LKML Archive on lore.kernel.org
help / color / mirror / Atom feed
From: Ingo Molnar <mingo@elte.hu>
To: huggie@earth.li, linux-kernel@vger.kernel.org
Cc: Thomas Gleixner <tglx@linutronix.de>
Subject: Re: Scheduler broken? sdhci issues with scheduling
Date: Fri, 29 Feb 2008 14:51:37 +0100	[thread overview]
Message-ID: <20080229135137.GA23781@elte.hu> (raw)
In-Reply-To: <20080229133433.GA15532@elte.hu>


* Ingo Molnar <mingo@elte.hu> wrote:

> does the patch below help, even if you keep HZ=100? This doesnt look 
> like a scheduler issue, it's more of a timer/timing issue. Different 
> HZ means different msleep() results - and the mmc code does a loop of 
> small msleep delays.

alternatively, instead of applying the first patch, could you apply the 
patch below instead? This makes "msleep()" much more precise. Does this 
help in the HZ != 1000 case?

	Ingo

----------------------->
Subject: hrtimers: use hrtimers so that msleep() sleeps for the requested time
From: Jonathan Corbet <corbet@lwn.net>

The problem being addressed here is that the current msleep() will stop
for a minimum of two jiffies, meaning that, on a HZ=100 system,
msleep(1) delays for for about 20ms.  In a driver with one such delay
for each of 150 or so register setting operations, the extra time adds
up to a few seconds.

This patch addresses the situation by using hrtimers.  On tickless
systems with working timers, msleep(1) now sleeps for 1ms, even with
HZ=100.

Most comments last time were favorable.  The one dissenter was Roman,
who worries about the overhead of using hrtimers for this operation; my
understanding is that he would rather see a really_msleep() function for
those who actually want millisecond resolution.  I'm not sure how to
characterize what the cost could be, but it can only be buried by the
fact that every call sleeps for some number of milliseconds.  On my
system, the several hundred total msleep() calls can't cause any real
overhead, and almost all happen at initialization time.

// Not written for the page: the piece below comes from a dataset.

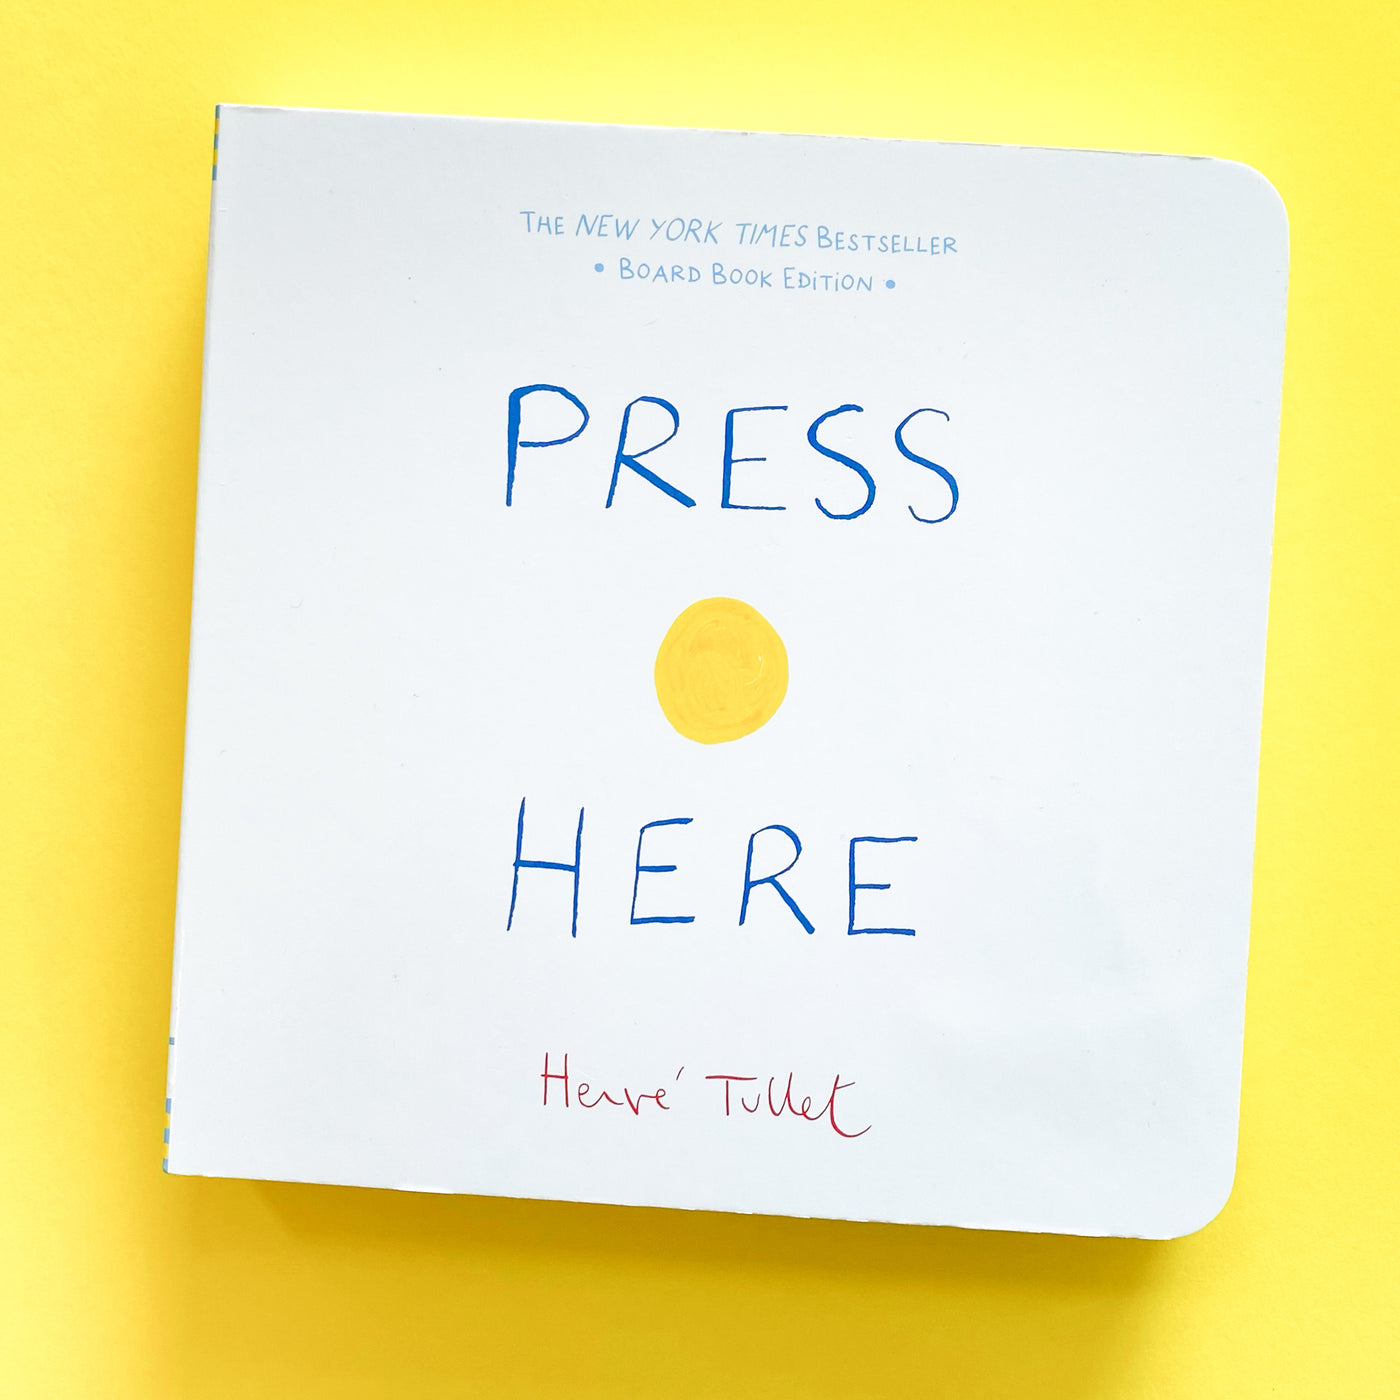 Press Here Board Book by Herve Tullet

I still think it would be useful for msleep() to do what it says it does
and not vastly oversleep with small arguments.  A quick grep turns up
450 msleep(1) calls in the current mainline.  Andrew, if you agree, can
you drop this into -mm?  If not, I guess I'll let it go.

Current msleep() snoozes for at least two jiffies, causing msleep(1) to
sleep for at least 20ms on HZ=100 systems.  Using hrtimers allows
msleep() to sleep for something much closer to the requested time.

Signed-off-by: Jonathan Corbet <corbet@lwn.net>
Signed-off-by: Ingo Molnar <mingo@elte.hu>
Signed-off-by: Thomas Gleixner <tglx@linutronix.de>
---
 fs/proc/proc_misc.c  |    4 ++--
 fs/select.c          |    6 ++++--
 include/linux/time.h |    8 ++++----
 kernel/timer.c       |   47 ++++++++++++++++++++++++++++++++++++++---------
 4 files changed, 48 insertions(+), 17 deletions(-)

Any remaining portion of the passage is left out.